166 N.E. 698 | Ohio Ct. App. | 1929
The parties stand in this court, as to each other, as they stood in the trial court, and throughout the course of this opinion will be alluded to as plaintiff and defendants.
On November 12, 1920, at Deshler, Ohio, the plaintiff and the defendants signed a contract, by the terms of which plaintiff agreed to establish and conduct at Deshler, Ohio, during the season of 1921, a community Chautauqua. In consideration thereof defendants agreed, among other things, to furnish *527 satisfactory grounds; to sell at least 450 adult tickets at $2 a ticket; and to pay plaintiff, upon demand at any time after the opening day of the Chautauqua, the proceeds derived from such sale. This contract contained, among others, the following provisions:
"This agreement is not binding until signed by at least twenty persons who are and shall be the directors of the local Chautauqua Association."
"All agreements by both parties are contained in the above contract and cannot be changed, modified or cancelled except by mutual written consent."
On February 22, 1921, defendants notified plaintiff, in writing, that they would not keep and perform the terms of said contract on their part to be kept and performed, for the reason that some of the signatures to the contract had been obtained by misrepresentations. Thereafter plaintiff advised defendants in writing, that it would not consent to a cancellation of the contract. Thereafter defendants refused to perform their part of the contract. Plaintiff, however, during the month of July, 1921, at a financial loss to itself, kept and performed, as best it could under the existing circumstances, its part of said contract. Thereafter plaintiff demanded of defendants the payment of $900 guaranteed by the contract. Two of the defendants, one the Luchini Bros., paid their pro rata share, to wit, $45. All the other defendants refused to pay.
Thereafter plaintiff instituted suit in the court of common pleas of Henry county against the defendants to recover $810, with interest, for breach of the written contract of guaranty. The defense, in its last analysis, was a general denial. The Luchini *528 Bros., one of the defendants, as a cross-petitioner, set up a counterclaim against the plaintiff for money had and received, the amount claimed being $45, with interest.
Upon trial by a jury, two forms of verdict were returned: One for the defendants, and the other in favor of Luchini Bros., for $45, on their cross-petition. A motion for judgment for plaintiff notwithstanding the verdicts was overruled. A motion for a new trial was overruled, and judgments were entered on the verdicts. Plaintiff brings error here to reverse those judgments.
Several errors are assigned. One of them alludes to the overruling of plaintiff's motion for judgment notwithstanding the verdicts.
Section 11601, General Code, provides:
"When, upon the statements in the pleadings, one party is entitled by law to judgment in his favor, judgment shall be so rendered by the court, although a verdict has been found against such party."
This section is mandatory, but it authorizes a judgment nonobstante veredicto only when the pleadings require it.

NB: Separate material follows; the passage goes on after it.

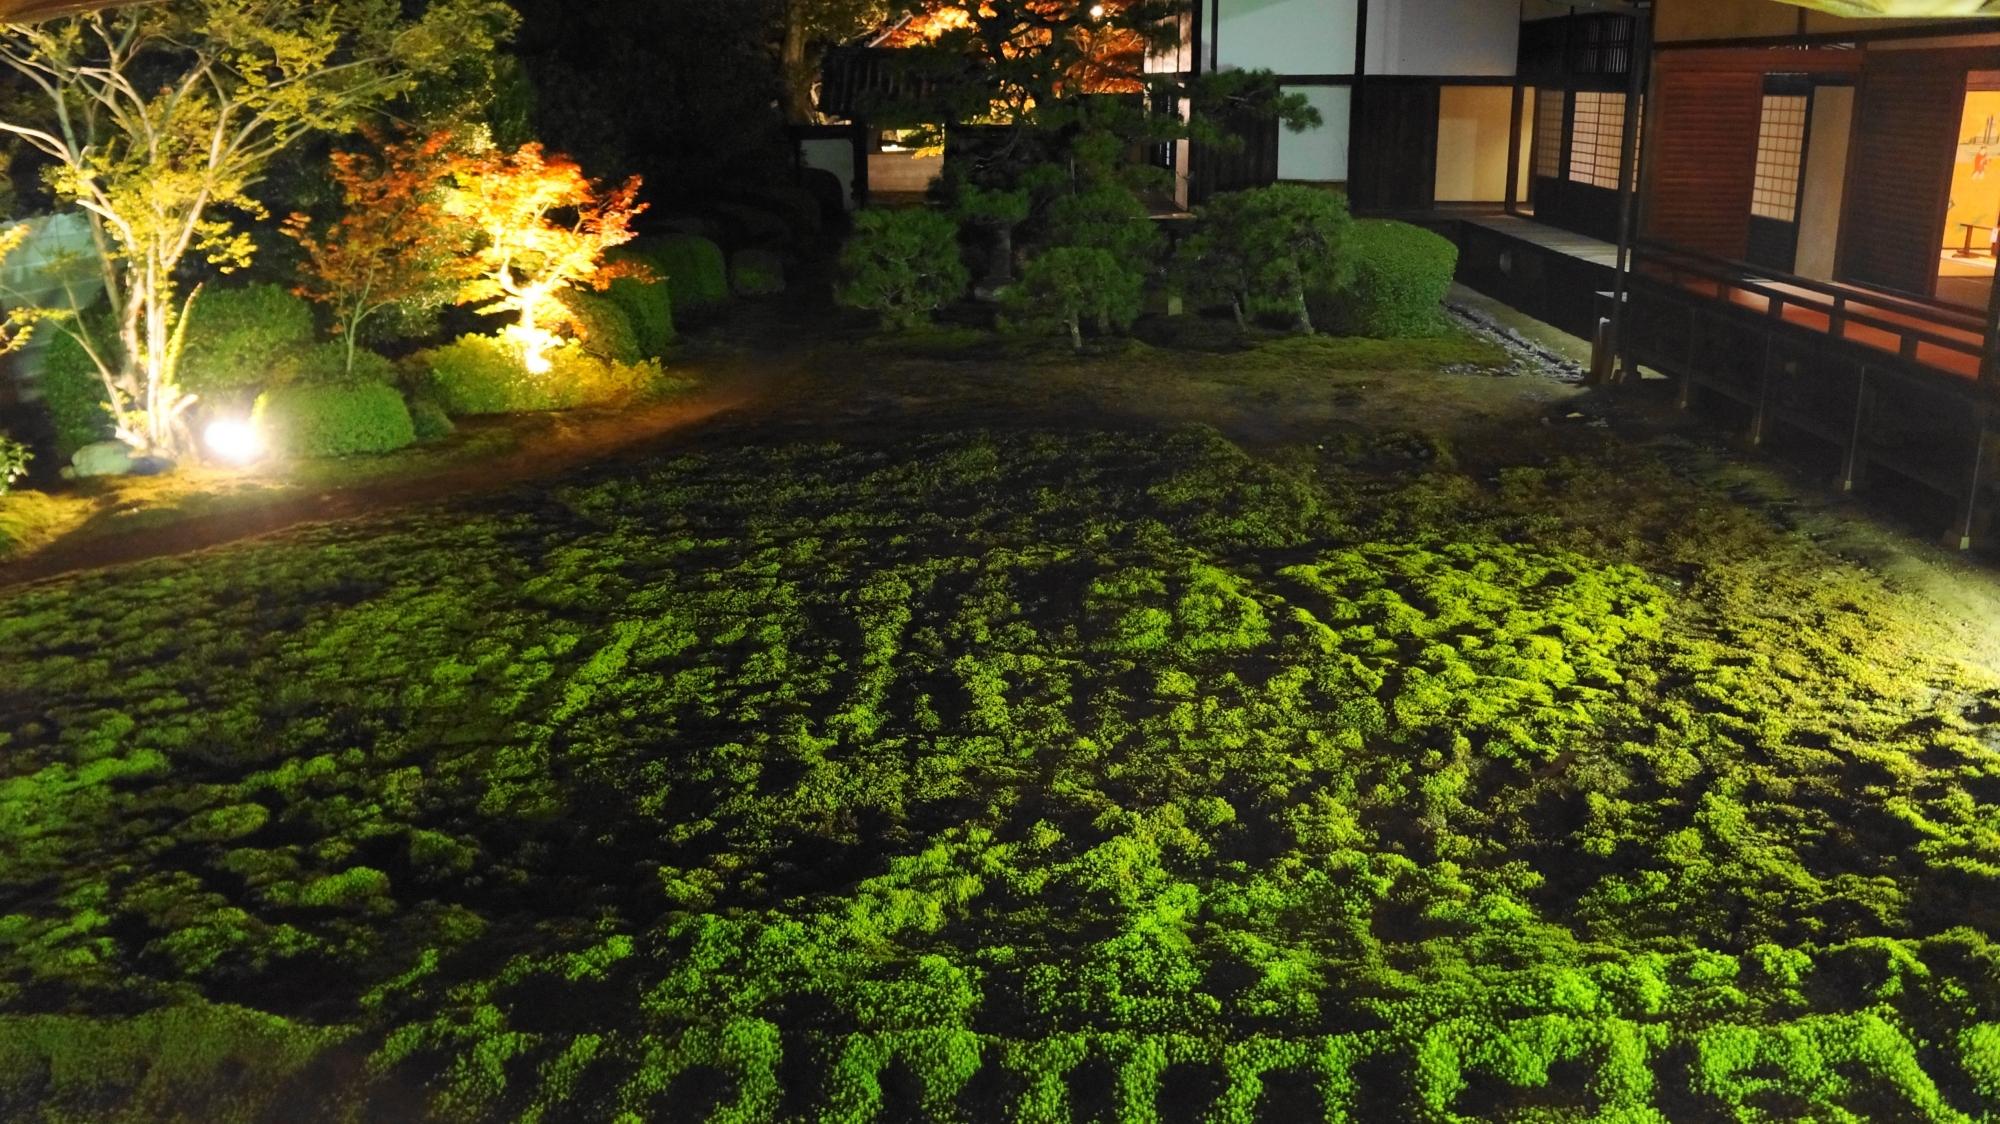 綺麗な照らされた鮮やかな緑の苔

Challen v.City of Cincinnati,
Another claimed error pertains to the admission of testimony. Three of the defendants, namely, E.A. Shirey, T.B. King, and O.C. Robinson, over the *529 exceptions of the plaintiff, testified that they signed the contract of guaranty with the understanding and oral agreement with the plaintiff that their signatures would be removed therefrom, and that they would not be held liable thereon, unless plaintiff obtained the signature of E.R. Little to said contract, and withdrew the name of Frank Hill therefrom, and, after obtaining twenty or more signatures thereto, submitted said contract to them for their approval. They further testified, over the exceptions of the plaintiff, that E.R. Little did not sign said contract; that the name of Frank Hill was not withdrawn from it; that said contract was not submitted to them for their approval; that they relied upon said representations of plaintiff, believed them to be true, acted upon them, and were misled thereby; and, further, that they would not have signed said contract had it not been for said representations.

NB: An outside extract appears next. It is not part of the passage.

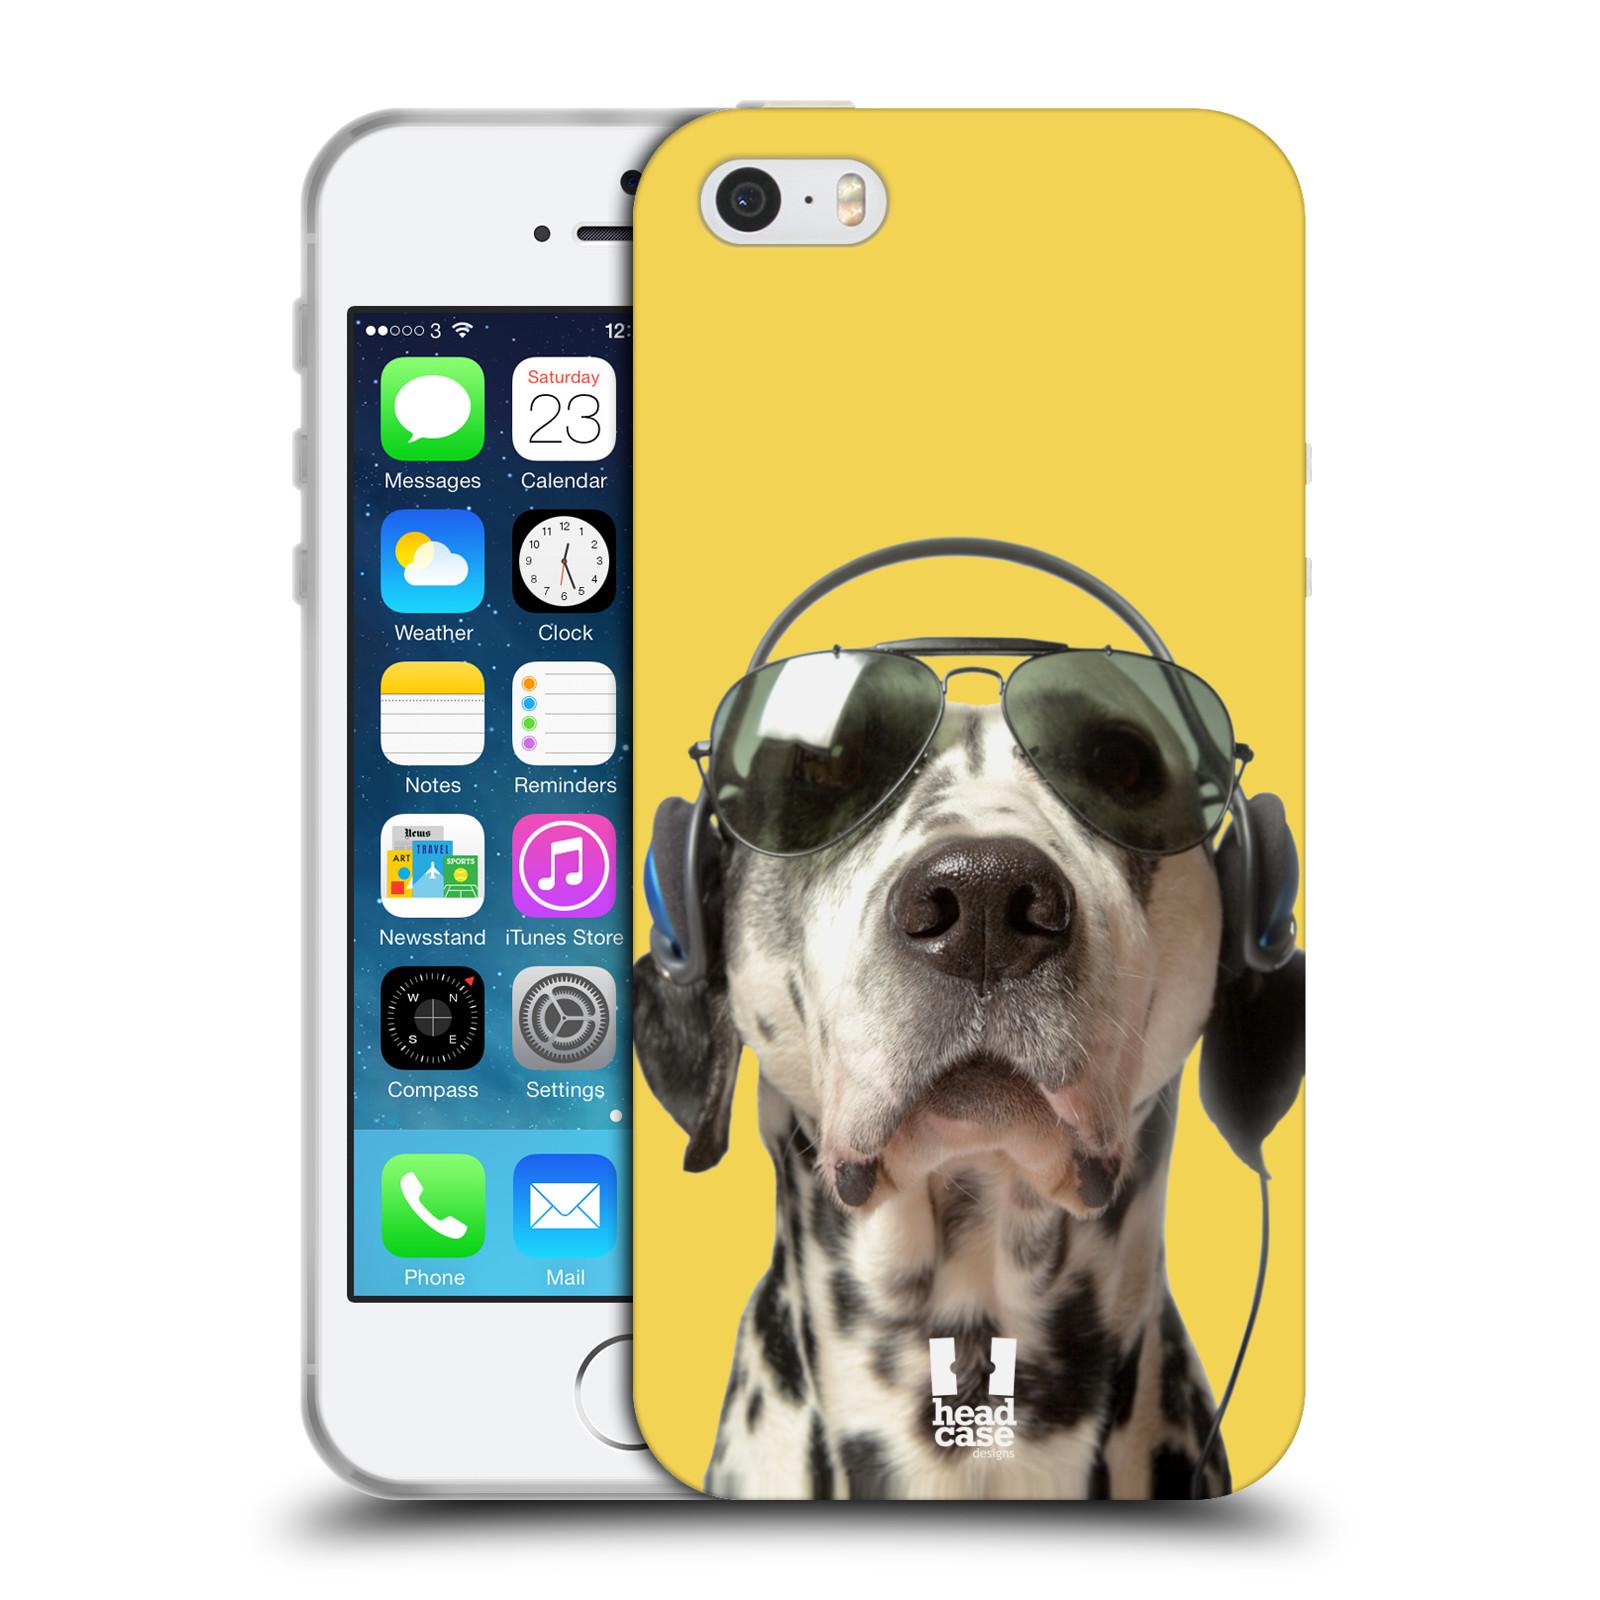 HEAD CASE silikonový obal na mobil Apple Iphone 5/5S vzor Legrační zvířátka dalmatin se sluchátky žlutá

Counsel for plaintiff insists that the trial court, in admitting in evidence the foregoing testimony, violated the so-called "Parol Evidence Rule." With this contention we do not agree. Parol contemporaneous evidence, of course, is inadmissible to contradict, vary, add to, or subtract from, the terms of a valid written instrument. 1 Greenleaf on Evidence (16th Ed.), Section 275. But the testimony under consideration, as we see it, did not tend to contradict, vary, add to, or subtract from, the terms of the contract of guaranty. It simply tended to show the inducing and moving cause of said written contract, and, in addition thereto, that said contract in law never existed. We quote from 3 Jones Commentaries on Evidence, 2d Edition: *530
Section 1492: "Agreements or representations, though resting in parol and made prior to the written contract, but by which the party was induced to execute the writing, may be shown. In other words, where a parol contemporaneous agreement was the inducing and moving cause of the written contract, or where the parol agreement forms part of the consideration for a written contract, and it appears that the written contract was executed on the faith of the parol contract or representations, such evidence is admissible. * * * To deny the admission of evidence in such a case, if relevant to the issues made by the pleadings, plainly would be to allow one of the parties to induce another to enter into the engagement under false representations, and to aid him to enforce it against his adversary notwithstanding the fraud practiced upon him."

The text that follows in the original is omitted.